**EXERCISE DATA:**

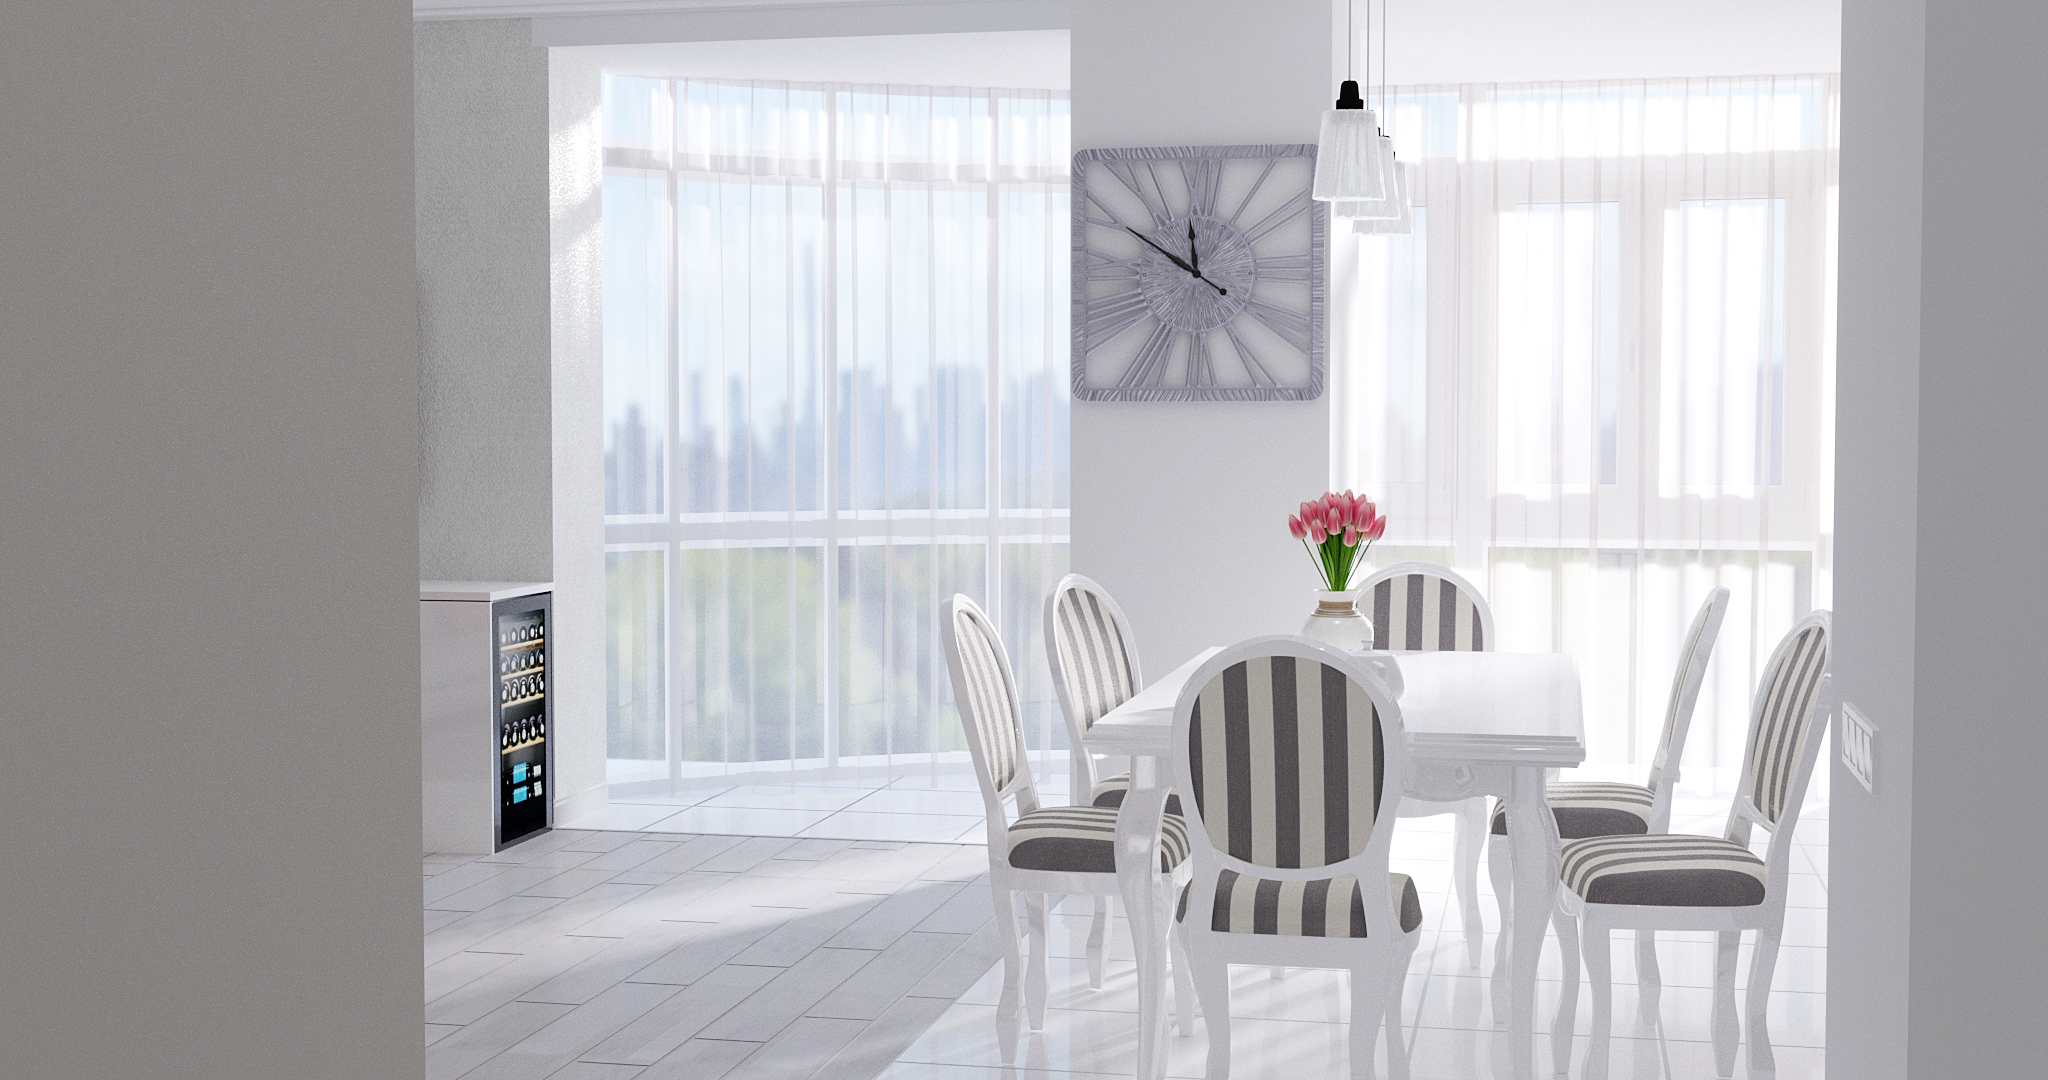 Cuisine-salon "Tendresse" dans 3d max vray 3.0 image
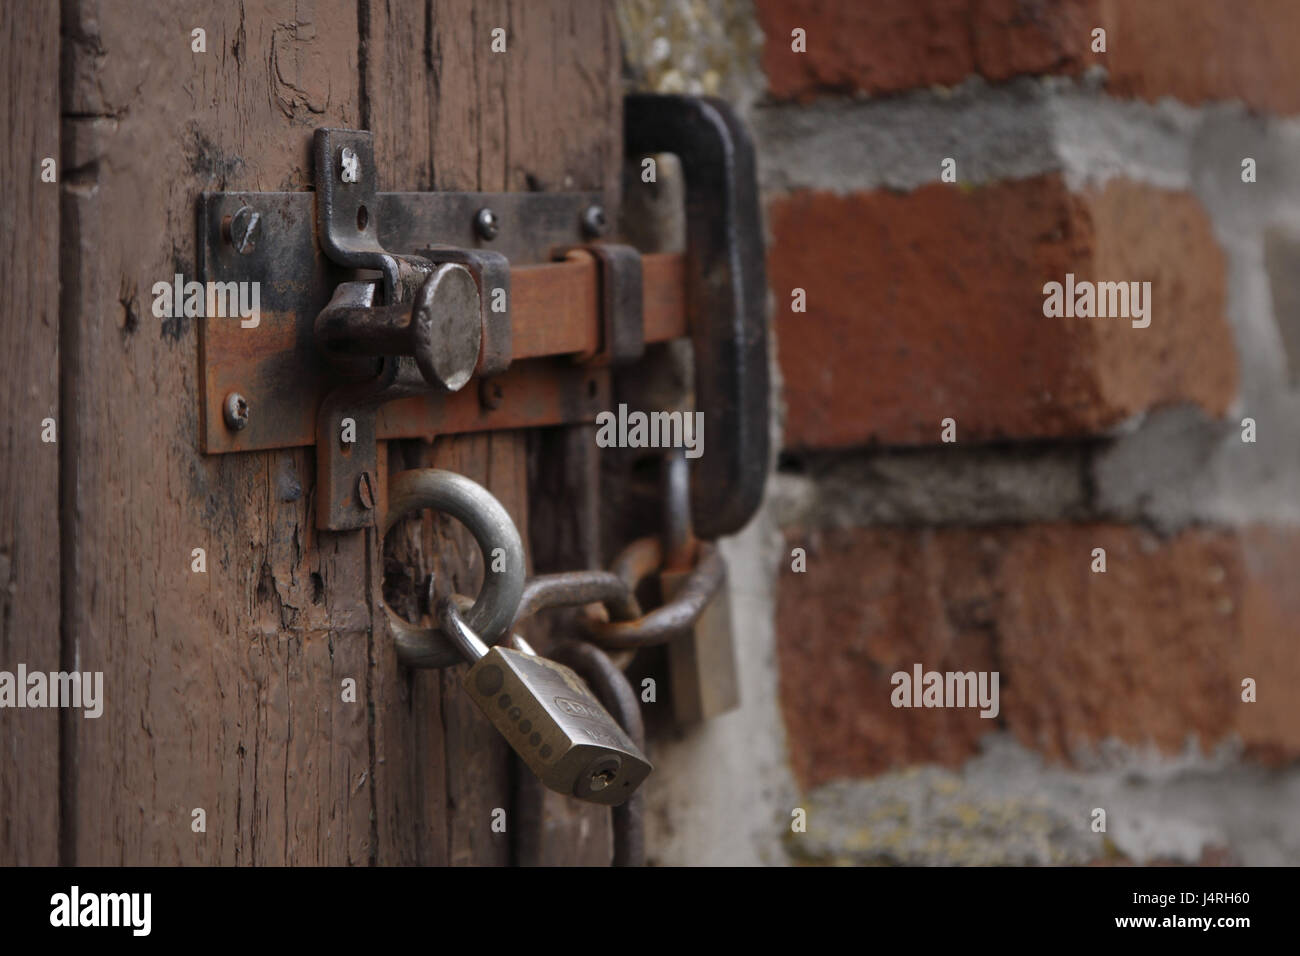 Tür schloss, Tür, Riegel, Mauerwerk, Lehmziegel, alte Stockfotografie -  Alamy
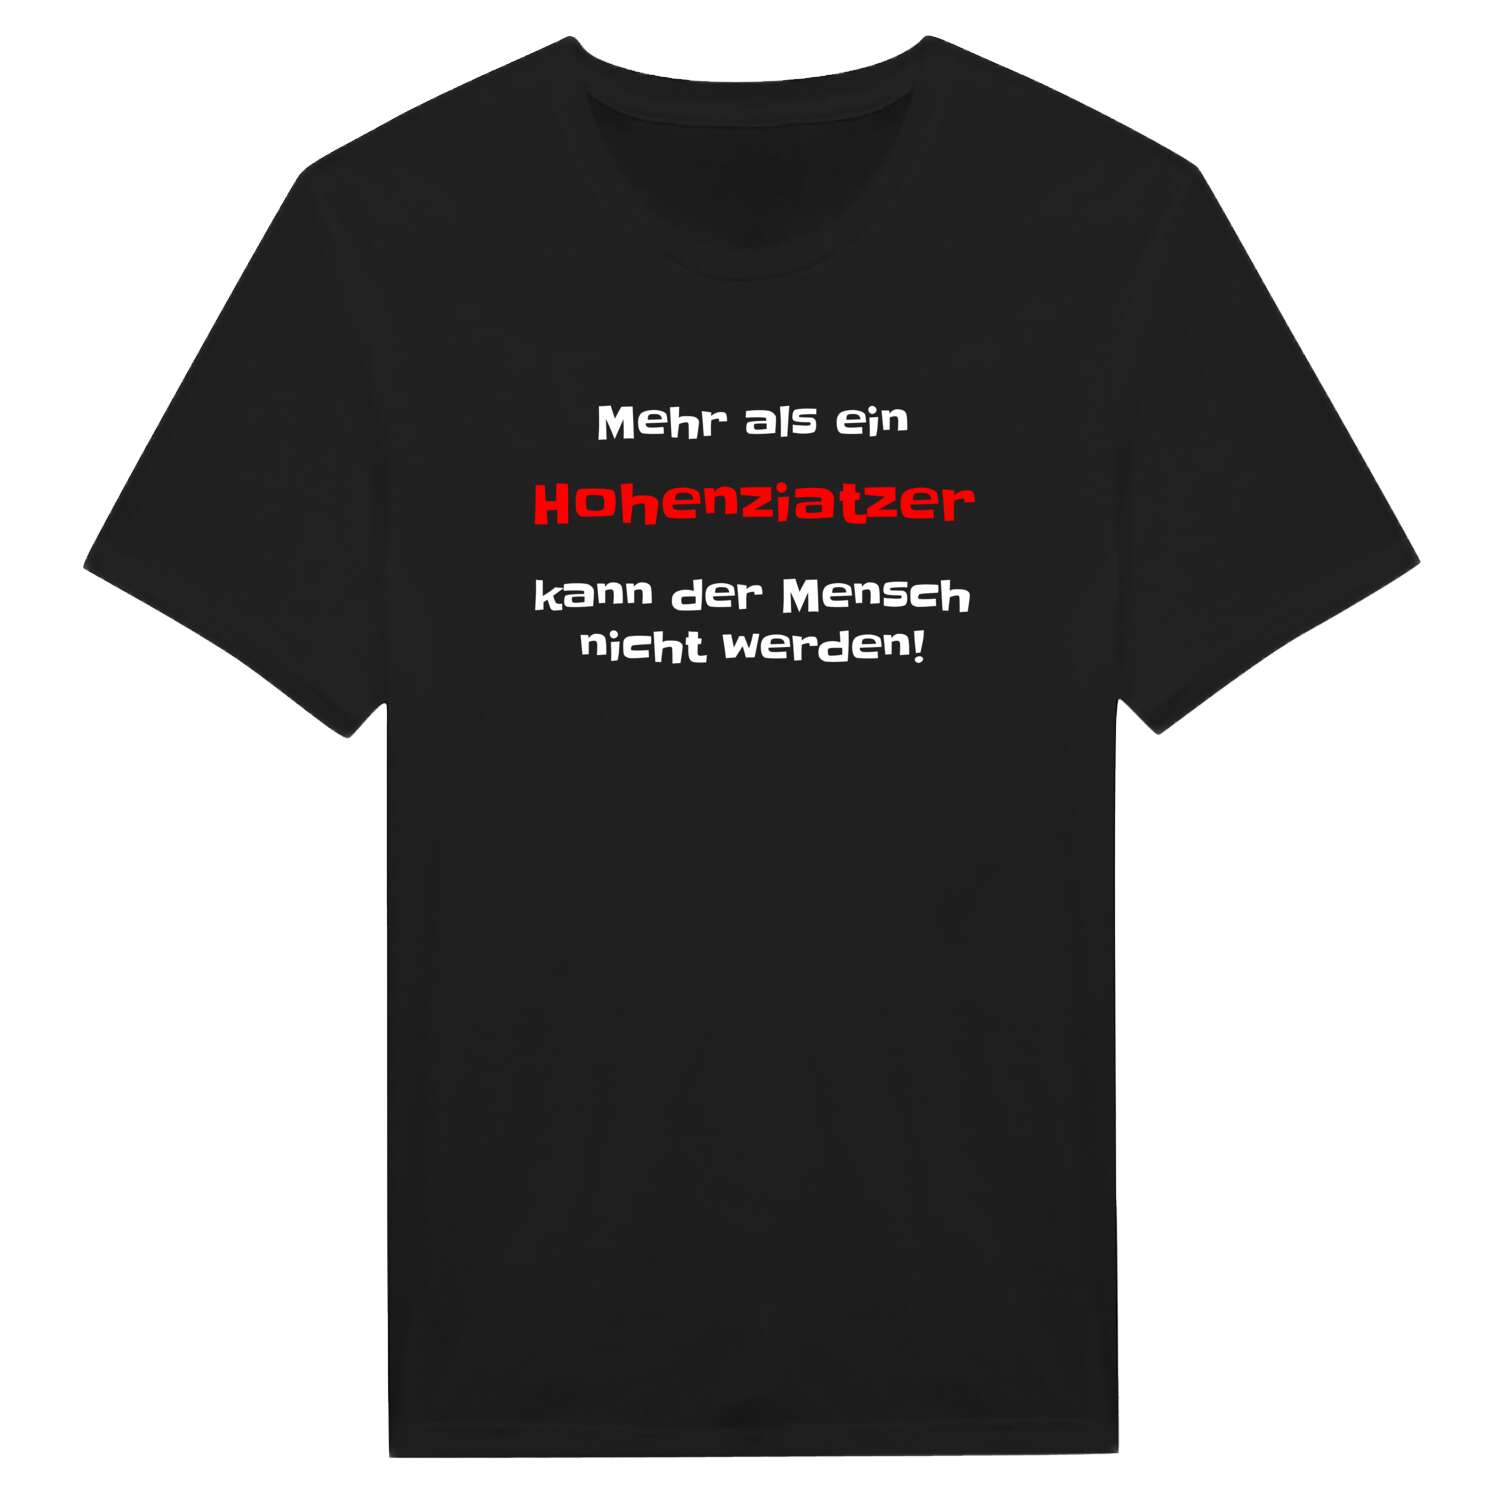 Hohenziatz T-Shirt »Mehr als ein«

**WHAT TO DO:**
Copy the material exactly. Do not include the pictures.

**TASK SOLUTION:**
 Cuisine-salon "Tendresse" dans 3d max vray 3.0 image
 Tür schloss, Tür, Riegel, Mauerwerk, Lehmziegel, alte Stockfotografie -  Alamy
 Hohenziatz T-Shirt »Mehr als ein«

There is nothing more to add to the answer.